According to VinaCapital’s Michael Kokalari, in 2023, the most serious impact on Vietnam’s GDP has been the decrease in demand for made-in-Vietnam products.

Vietnam has experienced the longest decline in exports in the last decade, which decreased the domestic production by 1 percent in the first seven months 2023. 

This was because most of the products made in Vietnam are exported. There are many signs showing export recovery in the last quarter of the year.

VinaCapital predicted that Vietnam’s export activities would fully recover by 2024, which will allow production to regain the high growth rate of 8-9 percent. This will help the GDP recover from below 5 percent in 2023 as predicted by VinaCapital to 6.5 percent in 2024.

Meanwhile, the measures initiated by the government to support the economy, including operating interest rate cuts, will also contribute to GDP growth the next year.

A high number of Vietnamese enterprises operate based on exports. The institution believes that export recovery will lead to an increase in profits of listed companies from 6 percent in 2023 to 20 percent in 2024. The factor will support the VN Index in the following months.

According to VinaCapital, the US is the largest export market of Vietnam. It buys one-fourth of Vietnam’s total exports. Retailers and consumer goods companies in the US such as Nike and Lululemon ordered too many made-in-Vietnam or made in Asia products last year as they hoped for economic recovery after Covid-19. But this has not occurred.

After the measures to fight Covid-19 were removed, instead of buying more consumer goods, Americans prioritized spending more money on services, including tourism and dining.

The situation became even gloomier when these companies placed big orders with factories in Asia to deal with problems in supply chains and goods shortages. As a result, the inventory levels of many companies, including Walmart, Target and Nike, increased by 20 percent by of the end of 2022 compared with the same period in the previous year.

US economy recovers

To clear big stocks, multinationals cut orders with Vietnamese factories, resulting in lowering Vietnam’s exports to the US by 20 percent in the first seven months of 2023 compared with the same period last year.

However, American companies have been making efforts to reduce inventories over many months.
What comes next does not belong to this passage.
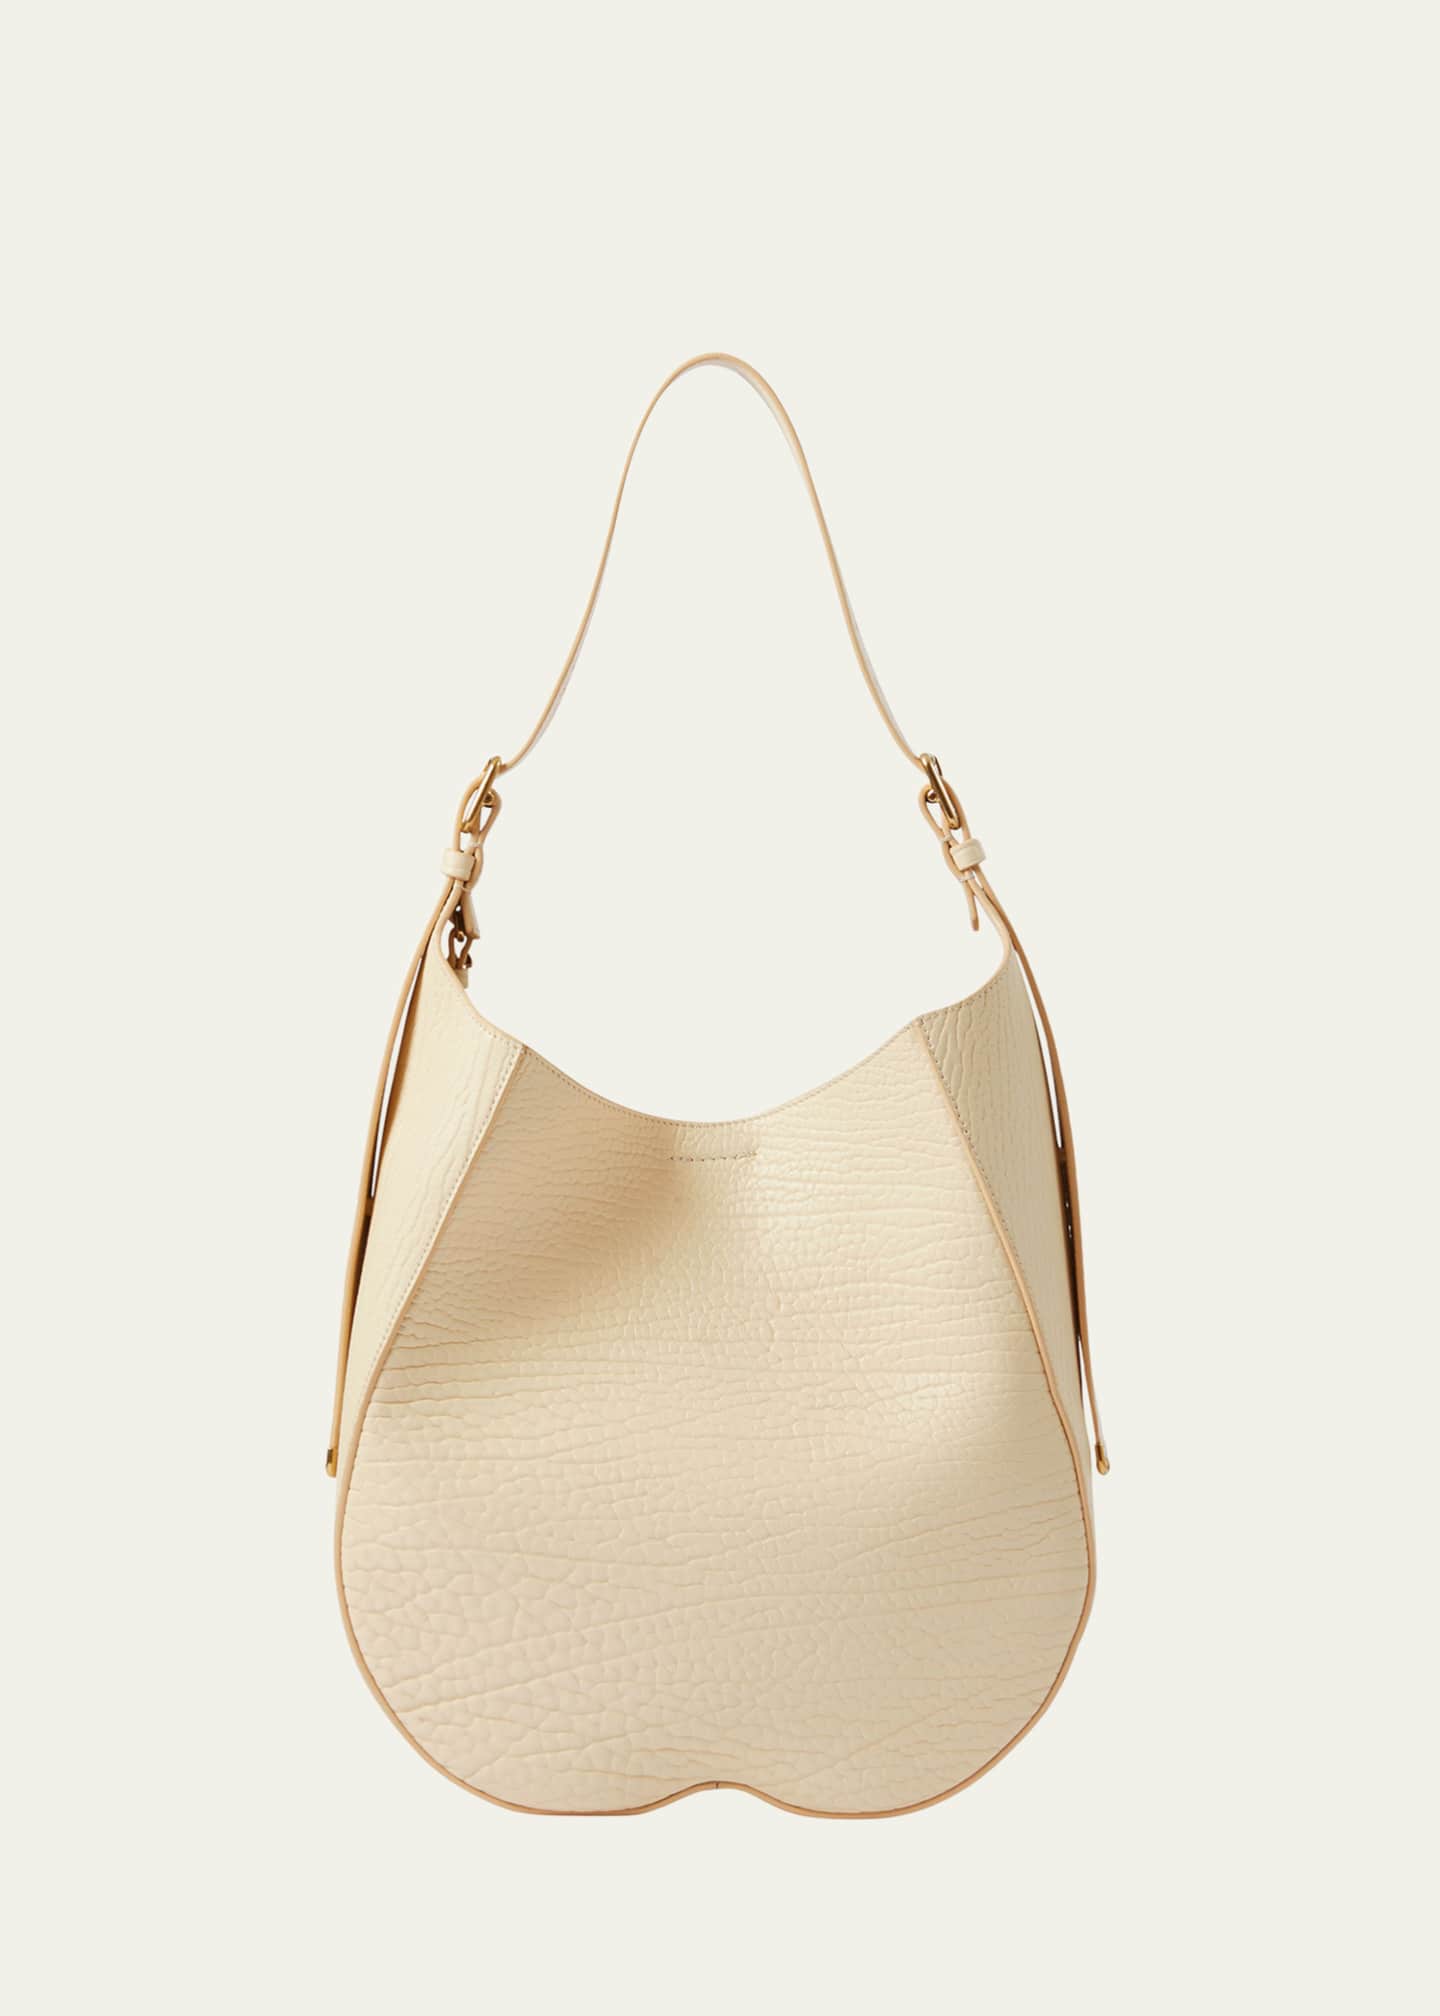 Burberry White Bags & Handbags for Women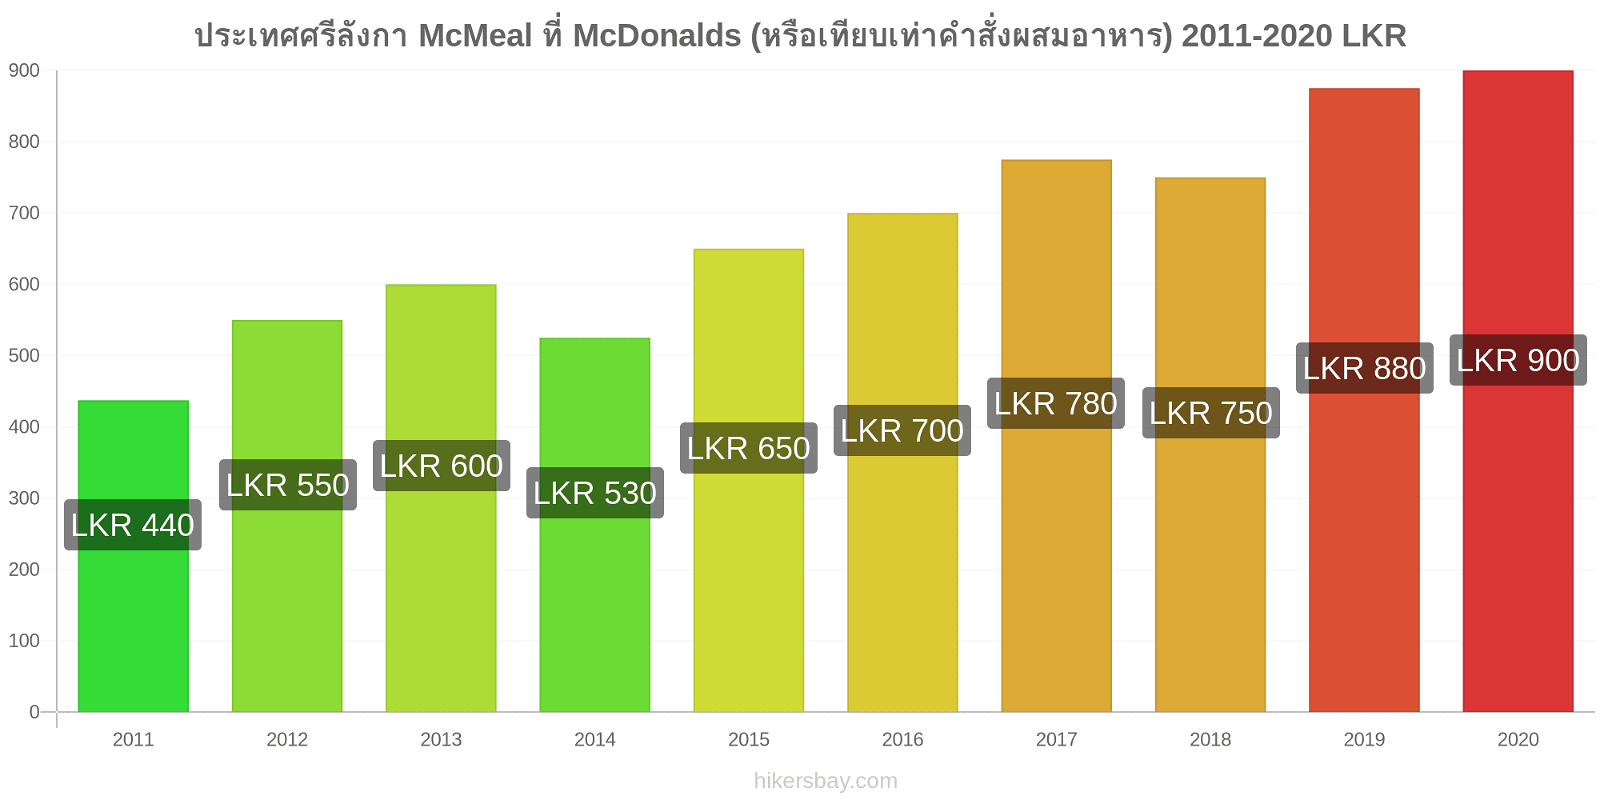 ประเทศศรีลังกา การเปลี่ยนแปลงราคา McMeal ที่ McDonalds (หรือเทียบเท่าคำสั่งผสมอาหาร) hikersbay.com

The ISM inventory index fell to a 9-year low in June and then slightly increased in July.

The inventories of retailers in the US increased by 5 percent over the same period last year, but the inventories of made-in-Vietnam products (household electronics and garments) were unchanged.

All these factors have a close relation with Vietnam’s export figures. The US companies’ efforts to clear stocks caused Vietnam’s exports to drop sharply in the first half of the year. However, this is coming to an end, and Vietnam’s exports to the US increased again last July (+ 7 percent) over the month before.

The improvement in exports to the US helped Vietnam’s total export value recover, from a 12 percent decrease in the first half of 2023 compared to the first half of 2022, to a 2 percent decrease in July.

According to VinaCapital, Vietnam also benefits from multinational corporations’ relocation of their production from China to Vietnam. This explains why Vietnam’s exports decreased by 2 percent only in July, compared to 15 percent of China, 16 percent of Korea and 10 percent of Taiwan (China).

All exporters in Asia have benefited from the bottoming of the inventory cycle of the US and but Vietnam is the only country in Asia that has benefited significantly from the establishment of new foreign-invested factories. Meanwhile, FDI (foreign direct investment) in China hit a record low in the second quarter of 2023.

VinaCapital believed in the improvement of Vietnam’s export in the time to come. Vietnam’s PMI (Purchasing Managers Index) increased from 46.2 points in June to 48.7 points in July. This shows that enterprises began buying input materials to step up production as they hoped in the recovery of orders later this year.